Technology does it again. Technology has made quick work of something most people will have a difficult time doing. In one click of a button, it is now possible to eliminate someone from your apparent life. Problem solved? Not quite.
Confrontation. The enemy of the meek. The initial step to resolution. The dreaded place in any human relation. Confrontation. O how I yearn for thee now.
How does it feel to be unfriended by a friend? I’ll tell you.
In the beginning was convenience. The friend of all. Convenience all the way. It didn’t matter what transpired, what’s been lost, or what’s going to happen afterwards. A quick cutoff is always less painful. I believe it’s the shock factor that desensitizes the brain. However, pain nags. And the memory of pain nags even longer. It’s easy to say short words like, “I’m done” or “let’s not talk anymore.” Better yet, some people just leave silence hanging in the space between, hoping that the space will stretch to infinity until the silence dissipates and the awkwardness no longer exists. It happens, true. And along with the non existing awkwardness also is borne a nonexistent friendship.
Something is much easier than words said or silence combats. It’s called the unfriend button, so readily available to those so eager to lose a friend. It’s the simplest message anyone could ever give. “I’m unfriending you because I no longer want to be your friend.” No brainer. Definitely a heart sinker. Social networking sites make it such a natural thing.
I’m horrible at confrontations. Three years ago, I very much welcomed such wicked gesture towards me. After an unexpected and immature and more than likely misread texting war about roommate-type situations, I exploited the silence route to emotional freedom while she, on the other hand, decided to unfriend me. I didn’t care then. But worst yet, she packed up her bags and left with two months still on the lease.
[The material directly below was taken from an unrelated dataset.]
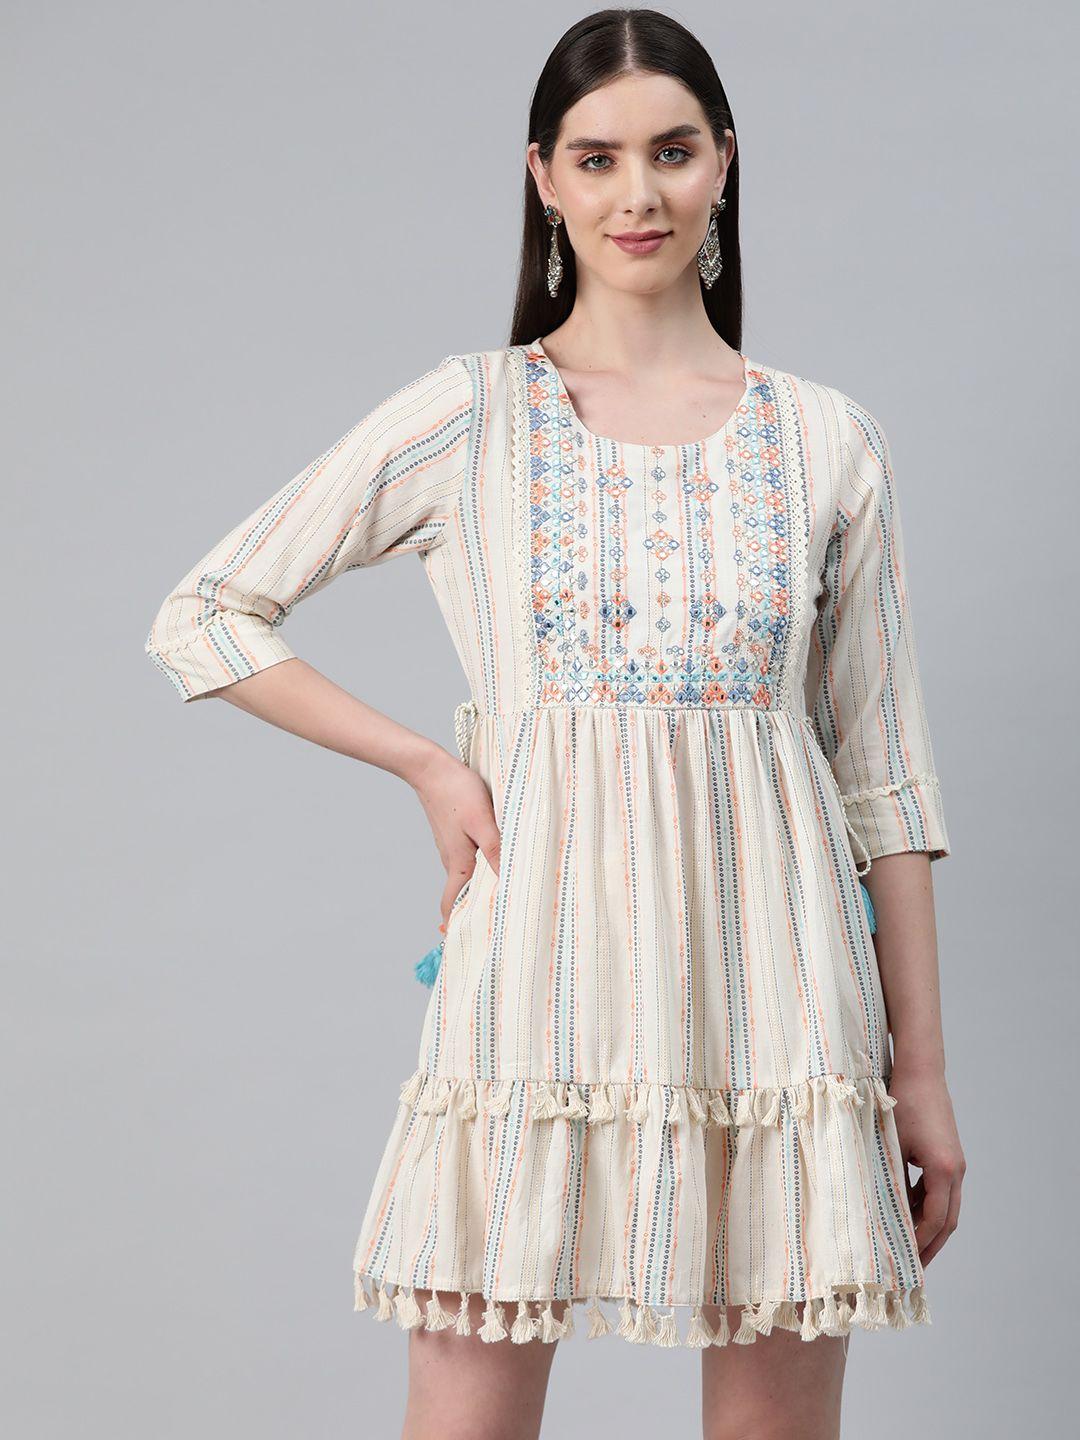 readiprint fashions printed embellished a-line dress

Personally, I didn’t think it was that serious. Really? But it must’ve been enough for her to take it to that sad, empty level of being strangers to each other again. You see, we weren’t just roommates then. We had been wonderfully close friends for about 10 years before that disaster. 10 years of precious fun times and sisterly emotions spent. 10 minutes of careless and tactless texting on both sides. One click of a finger and voila! We have become strangers. We have become two random souls who never talk to each other, let alone apologize for our shortcomings. It was the quick getaway, the perfect resolution. However, we didn’t account for the aftershocks of such a high, solid drop. At least, I didn’t. And now I feel the effects full on.
It is strange now looking back at it. So much has changed in my life since then. I’ve thought about her as a person. I’ve seen her a couple of times at parties of our common friends. There’s no more hurt. The guilt of letting our friendship slip away is what’s haunting me. There’s only sadness there. And frankly, I’m afraid to reach out. I’ve been unfriended once, can I possibly take it again? And this is coming from someone who will circle around chasing my own tail just to avoid confrontation. In matters as such, I admit I’m not so brave. And as much as I strive to be better, it humbles me to think of my many lacks and flaws as a person and how long and narrow that road is to perfection. Whatever distance we have put between us, it’s still awkward after all this time and even more so now. And after all this time, I just feel like a closure of some sorts is optimal for my conscientious health. It bothers me that it bothers me. It’s a door that needs to be closed, whether we become acquaintances again or not. Friendship is a long shot, unfortunately.
So when a friend, lover, sister, brother, or someone close ‘unfriends’ you, how do you try to ‘friend’ them back?